In one sense, it was always worse to use Tailwind because if you don't learn "real" CSS you won't be able to fix anything that's broken -- and with CSS, there's always a lot that's broken.


> CSS is for styling

The web has never lived up to that ideal. Sometimes you need to add a wrapper div with no semantics to make your layout work. Sometimes you need some Javascript to do a special layout CSS doesn't support or work around some other limitation. I've never seen a project that actually had meaningful "separation of concerns" based on technology, whereas almost every componentized project has at least decent separation of concerns along the component axis -- where you can drop a component into a design without thinking about it's internals at all.


whose fault is it then?

We had desktop UI's in far simpler forms years before. Yeah, sure, there are new requirements, but those requirements didn't actually need the complexity of modern CSS.

modern CSS came about because people like to be fancy. You value the wrong thing, you get the wrong thing.


Here's the thing: Most of us who are perplexed are actually perplexed because is was something you used to be able to do trivially and then a new standard came along and made it unreasonably hard for about 15 years. An eternity in software development. Entire generations of paradigms have come and gone in the time it's taken for CSS to fill this gap.

That will never stop being perplexing, no matter how many new models they throw on top to try to fix it.


I will never like CSS and cannot share any fond memories of it's development.

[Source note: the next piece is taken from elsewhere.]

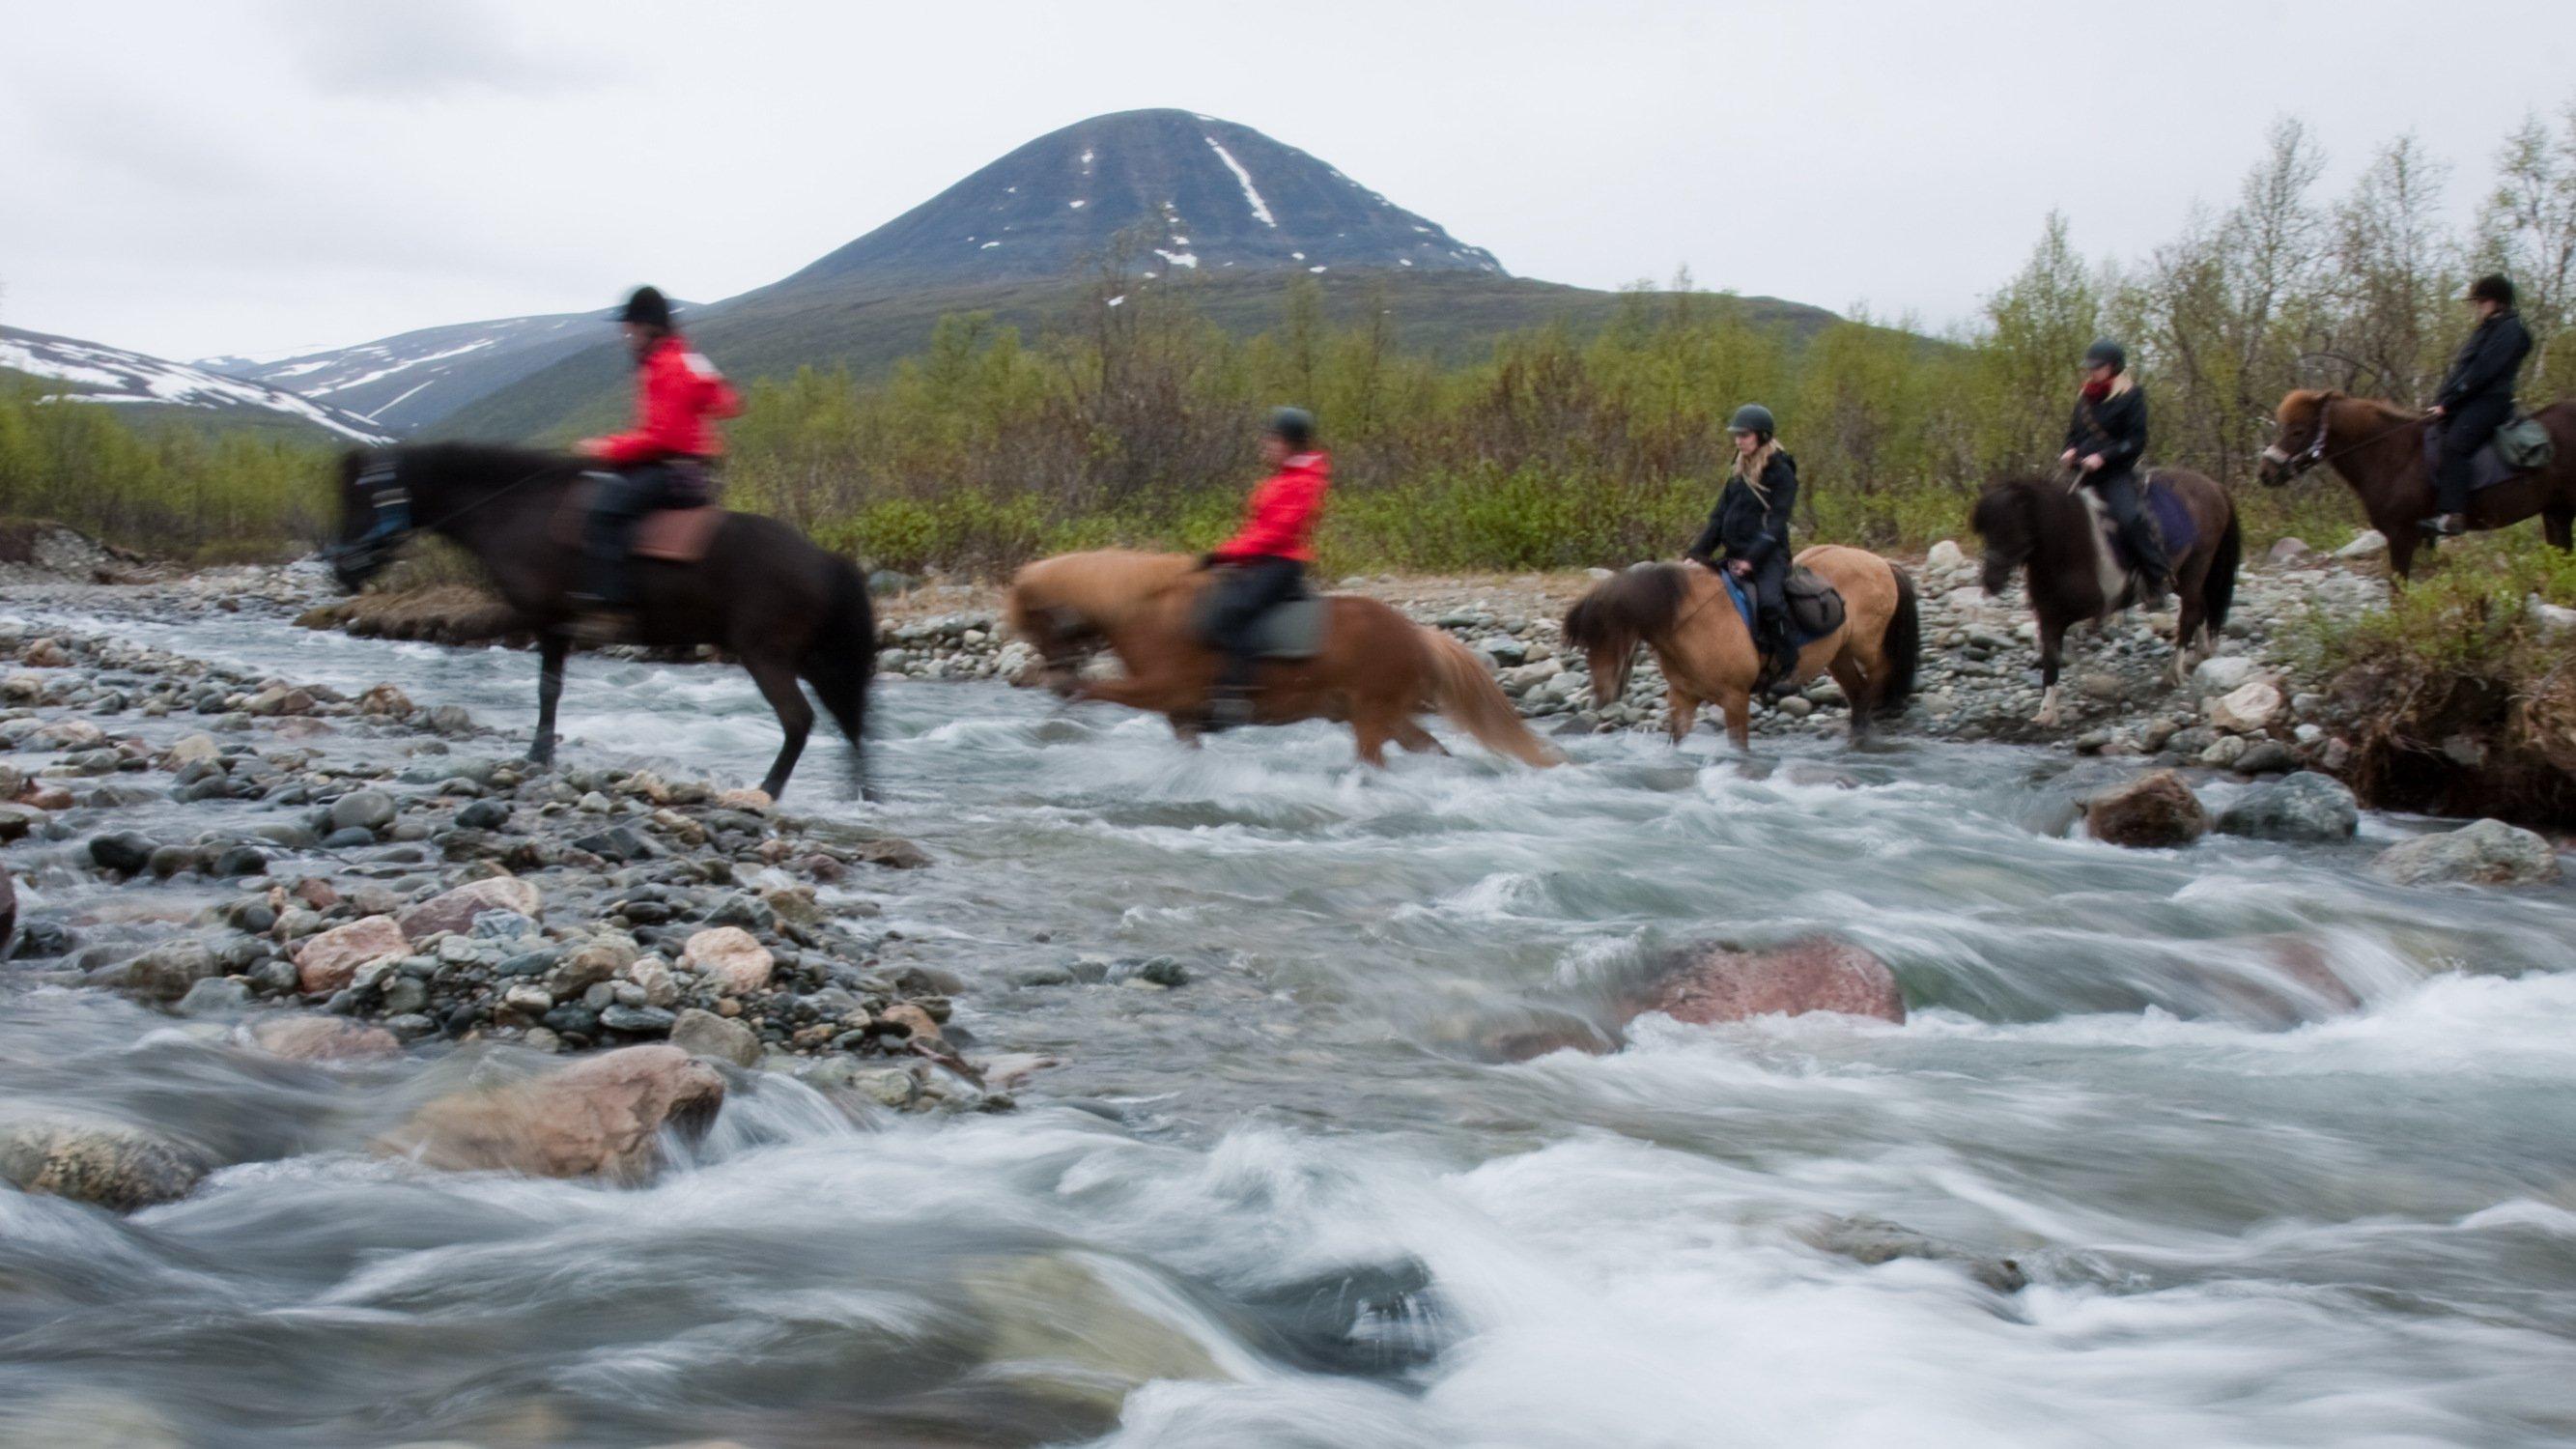 Reittour Lappland

Modern CSS is bearable with features like Flexbox and Grid, but CSS will never be able to hide how inelegant, clunky and sprawling it is. You could write an entire book on CSS 'gotchas' - from specificity to box-sizing to inheritance. The list of topics is endless.

There are also dozens of different ways of writing CSS (by design) which is why you never see two or more people write it in the same way.

Why did a "style sheet" language incorporate animation into its already bloated feature set? (Not convinced by the argument that animation = appearance and thus fits into the scope of CSS.)

It's a bit ironic that modern CSS features let you finally drop horrible CSS hacks from the past like floats. And yet, developers are not taking advantage of modern CSS features like Grid (which greatly simplifies layout). CSS frameworks often don't take advantage of these modern features either.

In fact, modern CSS makes it easier to write plain CSS without the use of a CSS framework. But is there anyone left who isn't using a framework?